**The problem:**
All of the data, word for word and free of pictures, is the expected result.

**Data provided:**
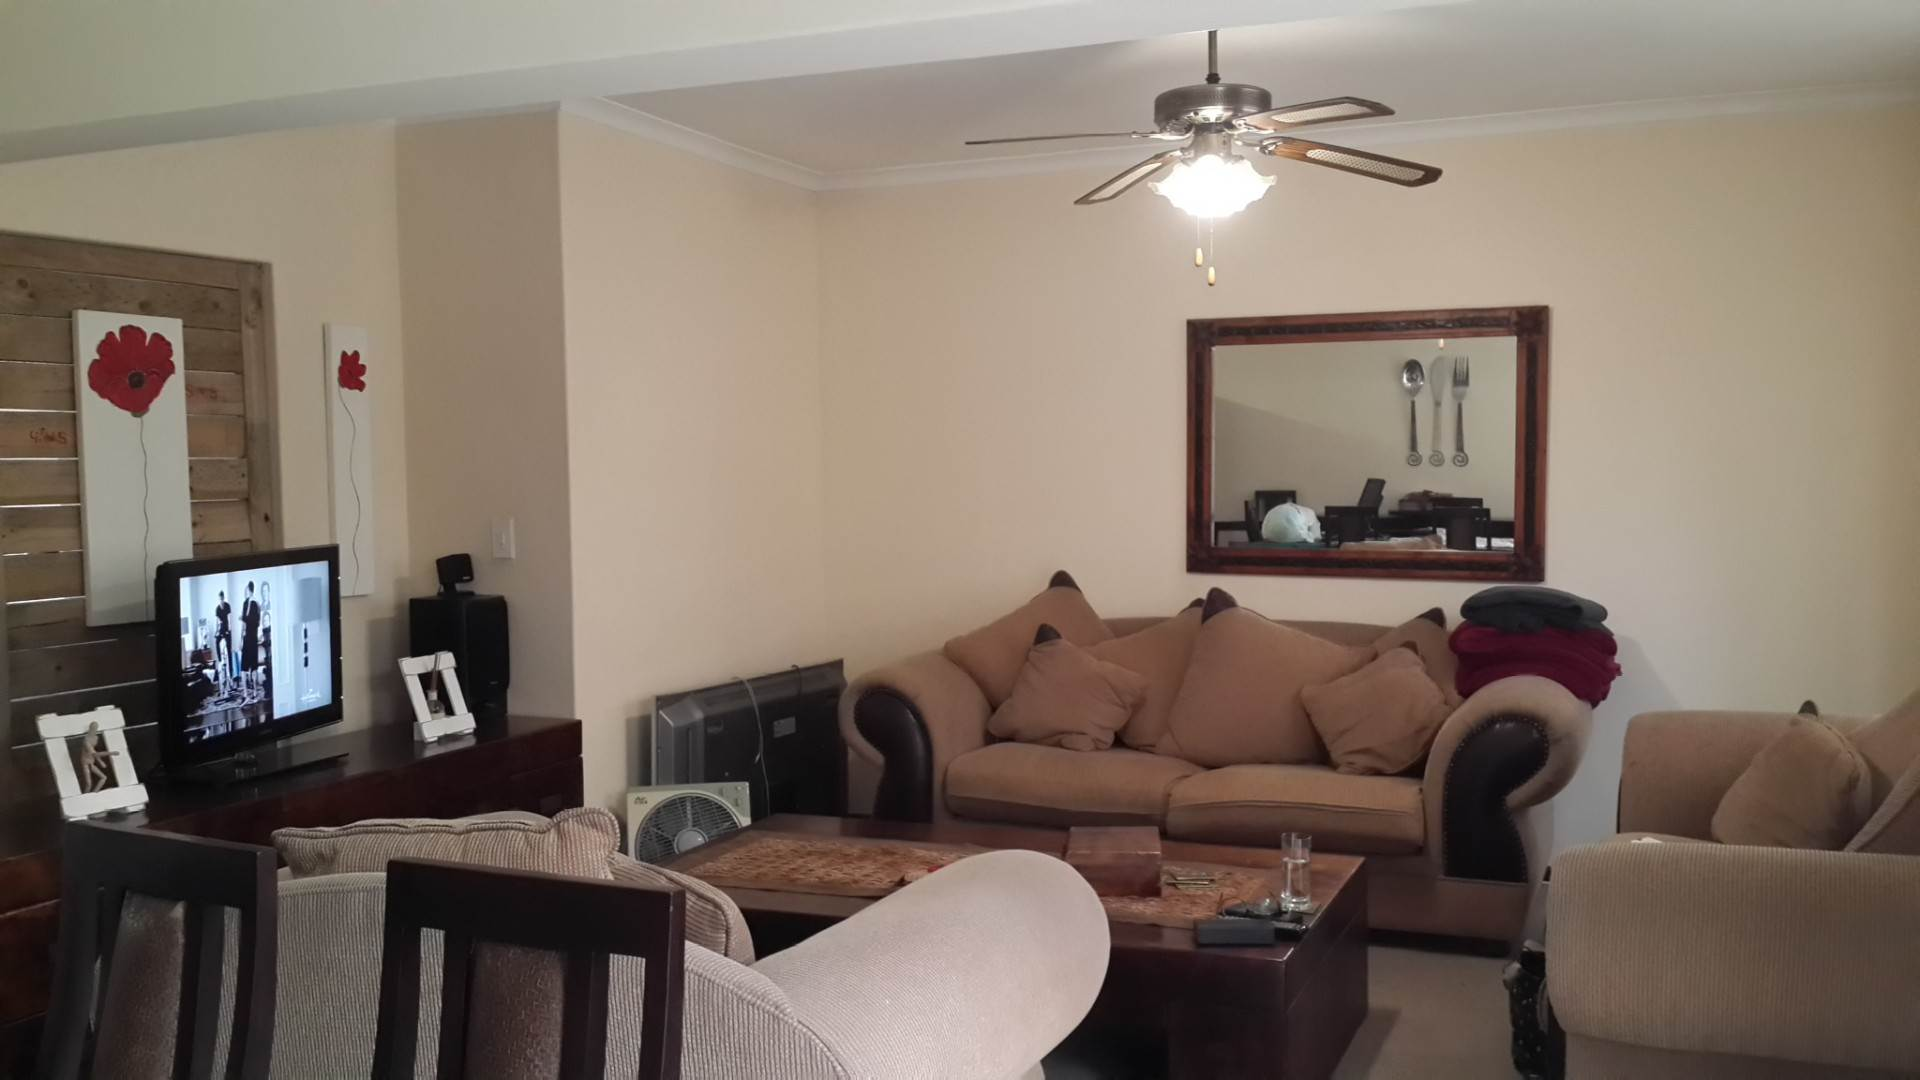 ceiling western fans sell best r reddup place to electric fan
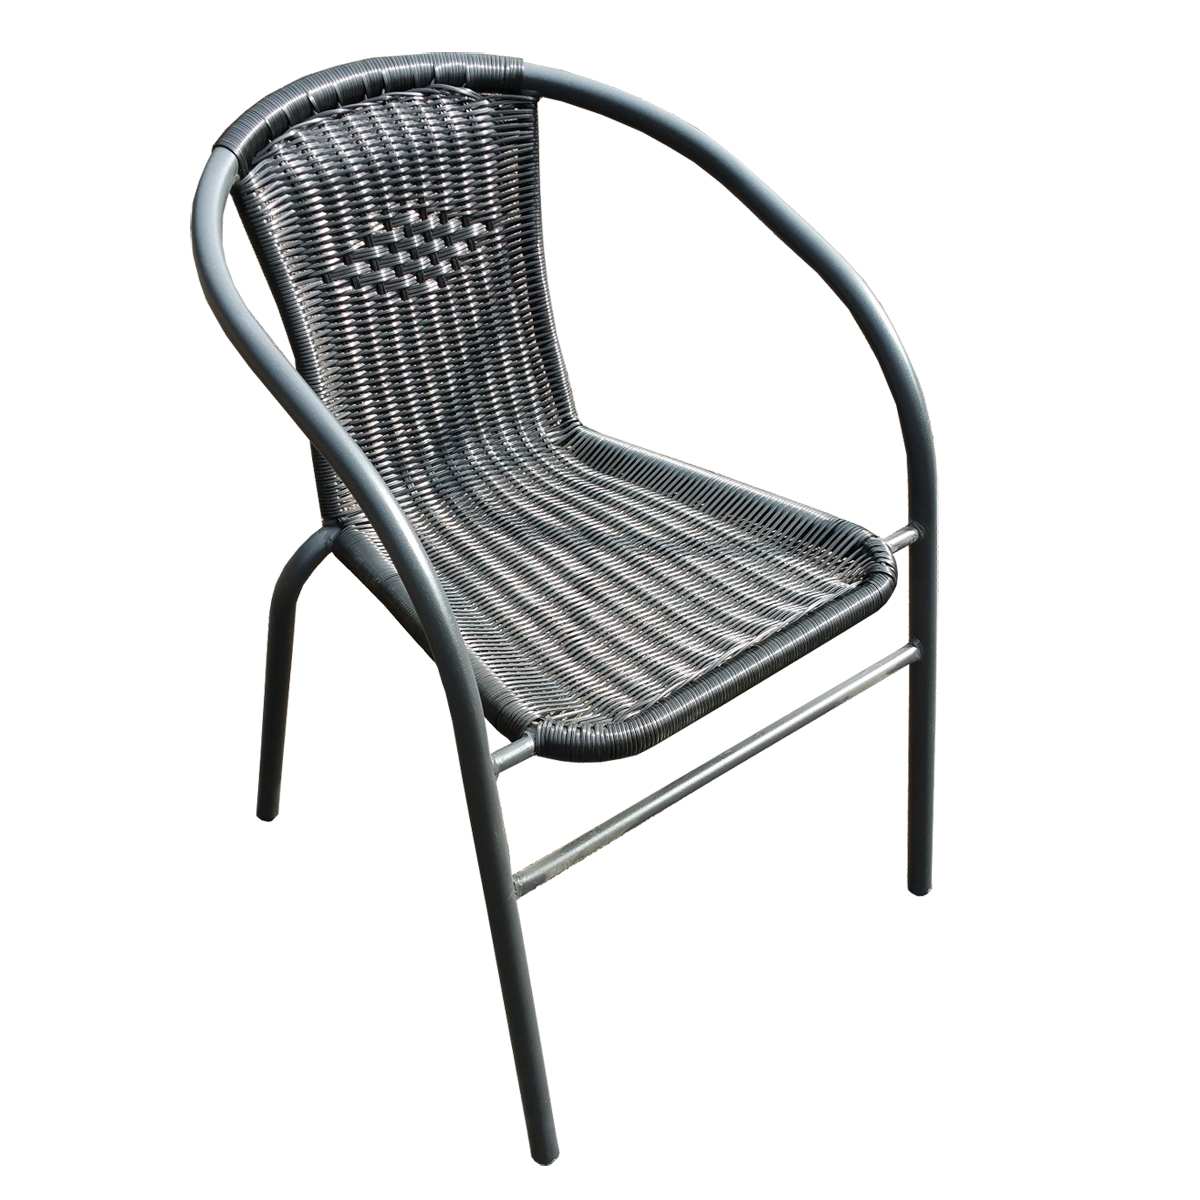 polyrattan stuhl mardin schwarz outdoor st hle outdoor ingastro restaurant m bel direkt. Black Bedroom Furniture Sets. Home Design Ideas
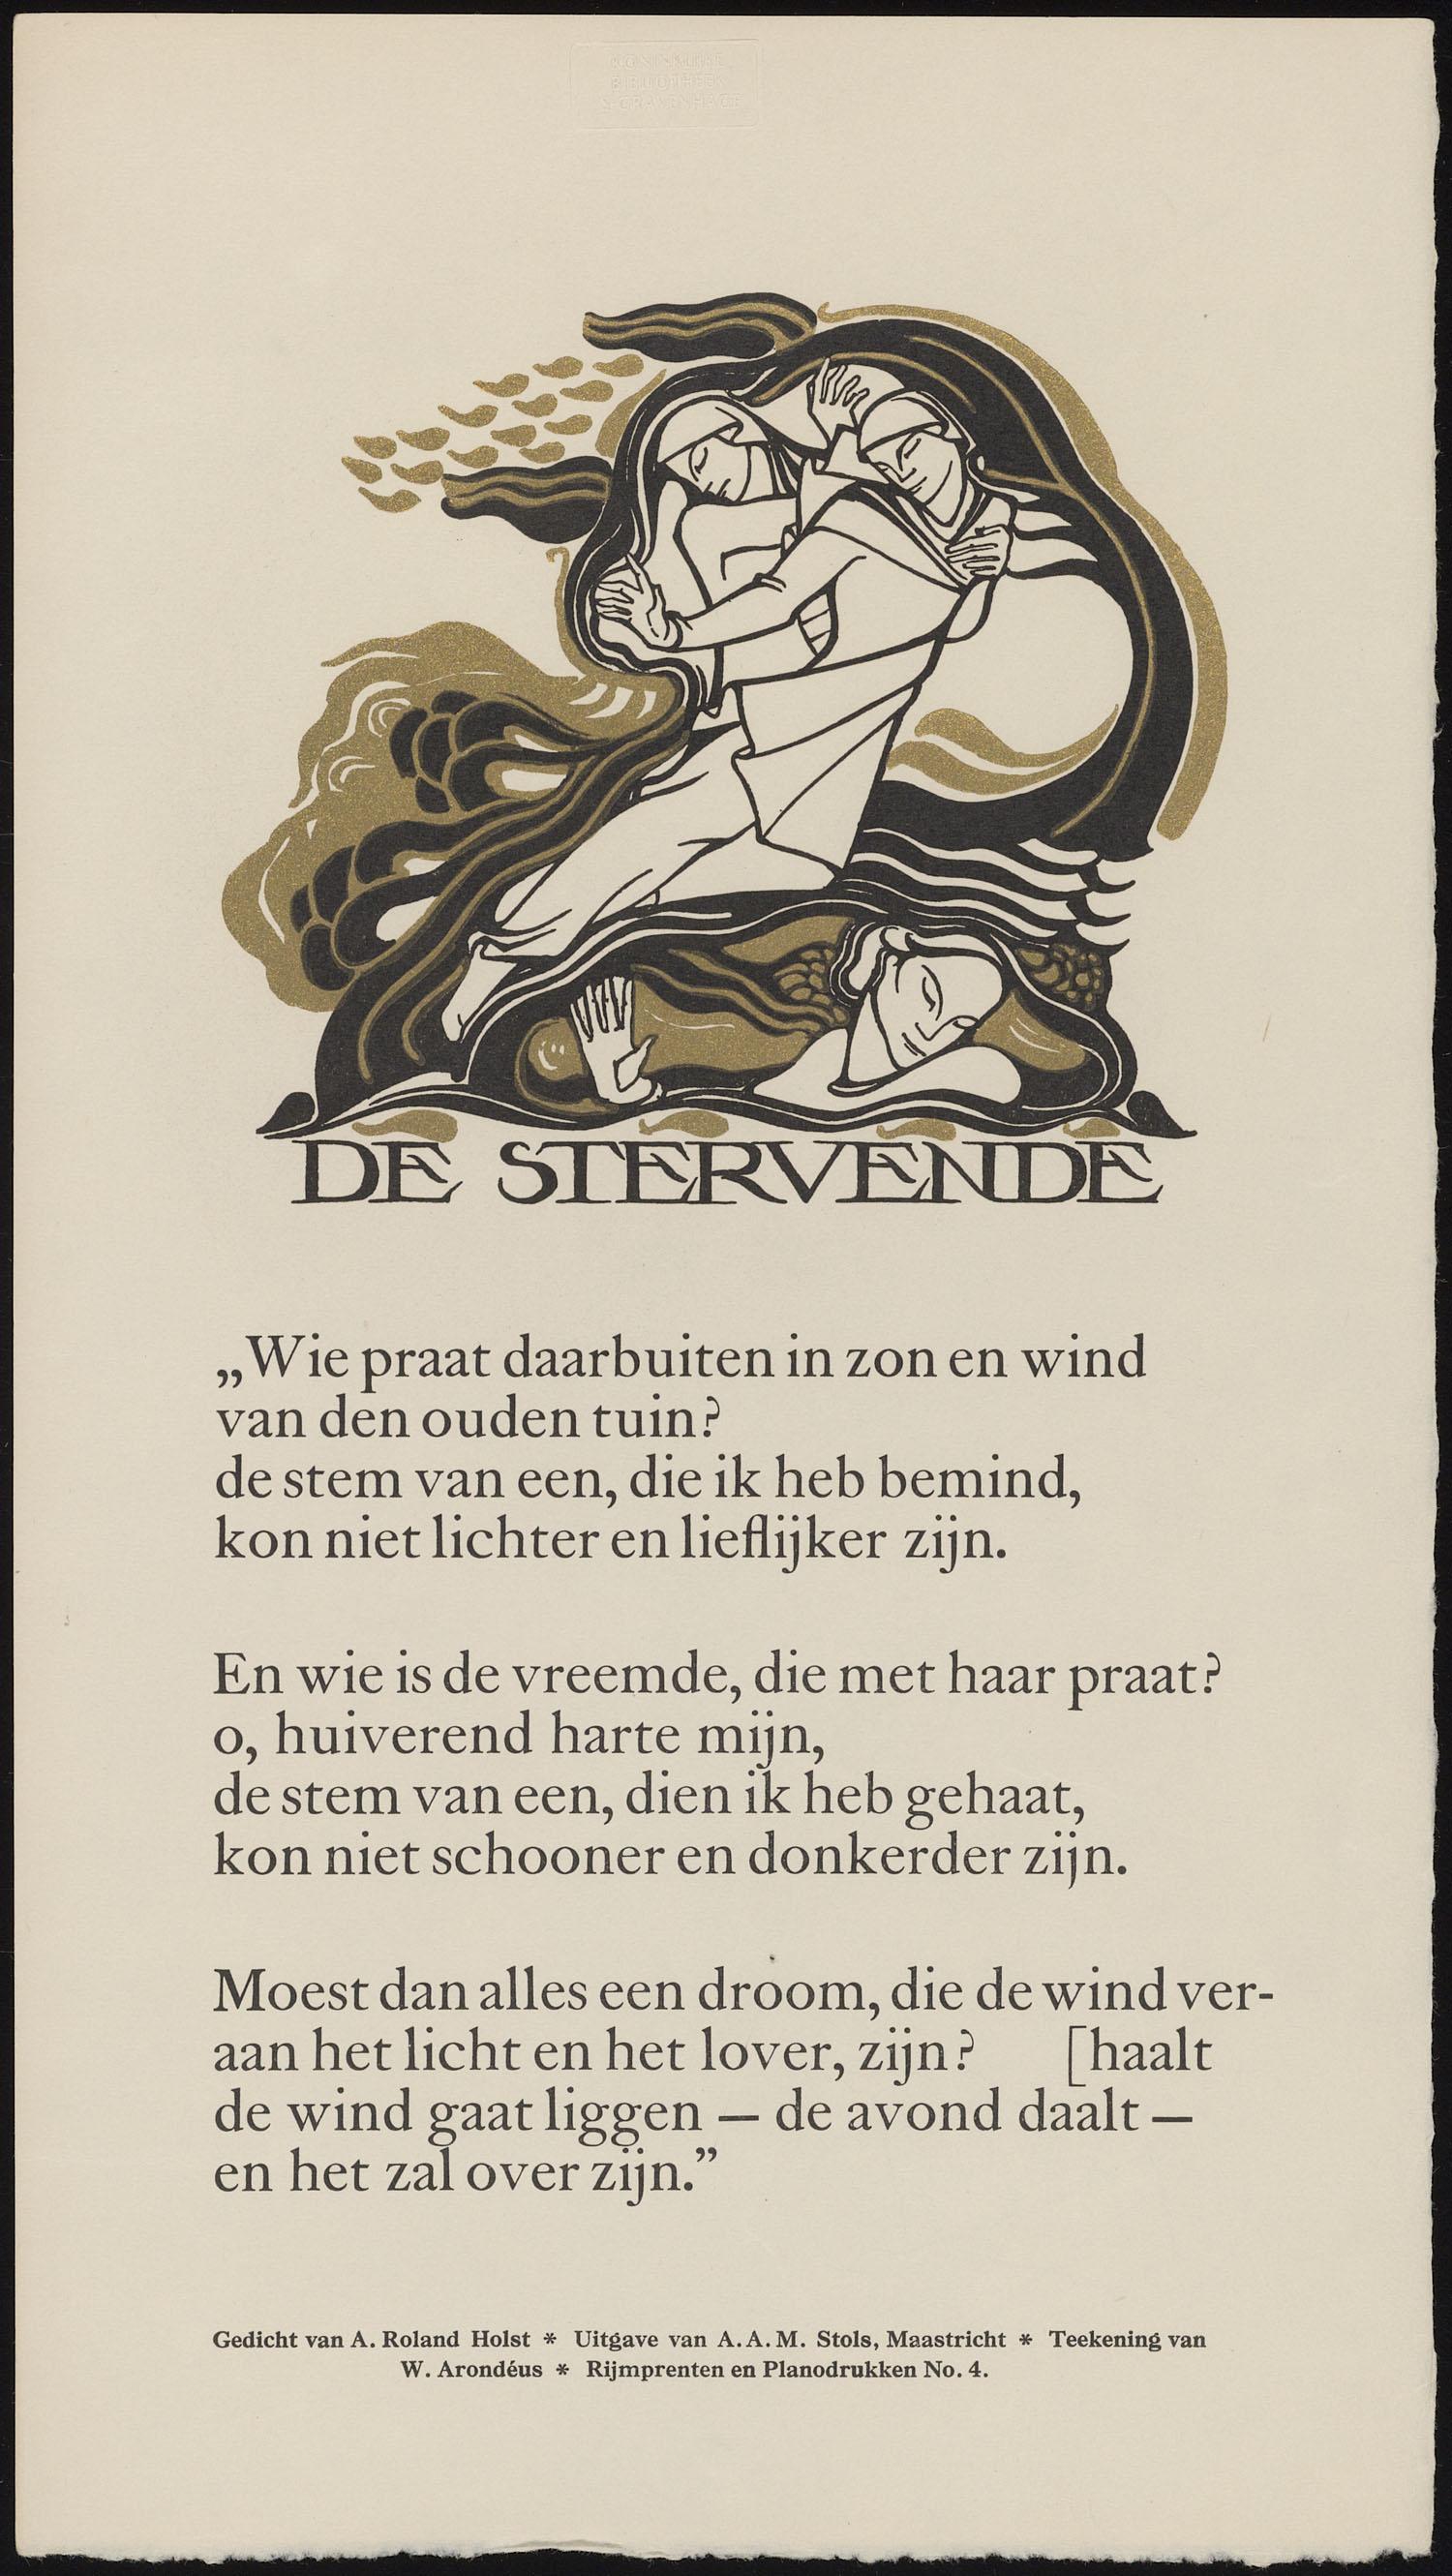 De Stervende Gedicht Van A Roland Holst Teek Van W

**Solution to this problem:**
 ceiling western fans sell best r reddup place to electric fan
 polyrattan stuhl mardin schwarz outdoor st hle outdoor ingastro restaurant m bel direkt. Black Bedroom Furniture Sets. Home Design Ideas
 De Stervende Gedicht Van A Roland Holst Teek Van W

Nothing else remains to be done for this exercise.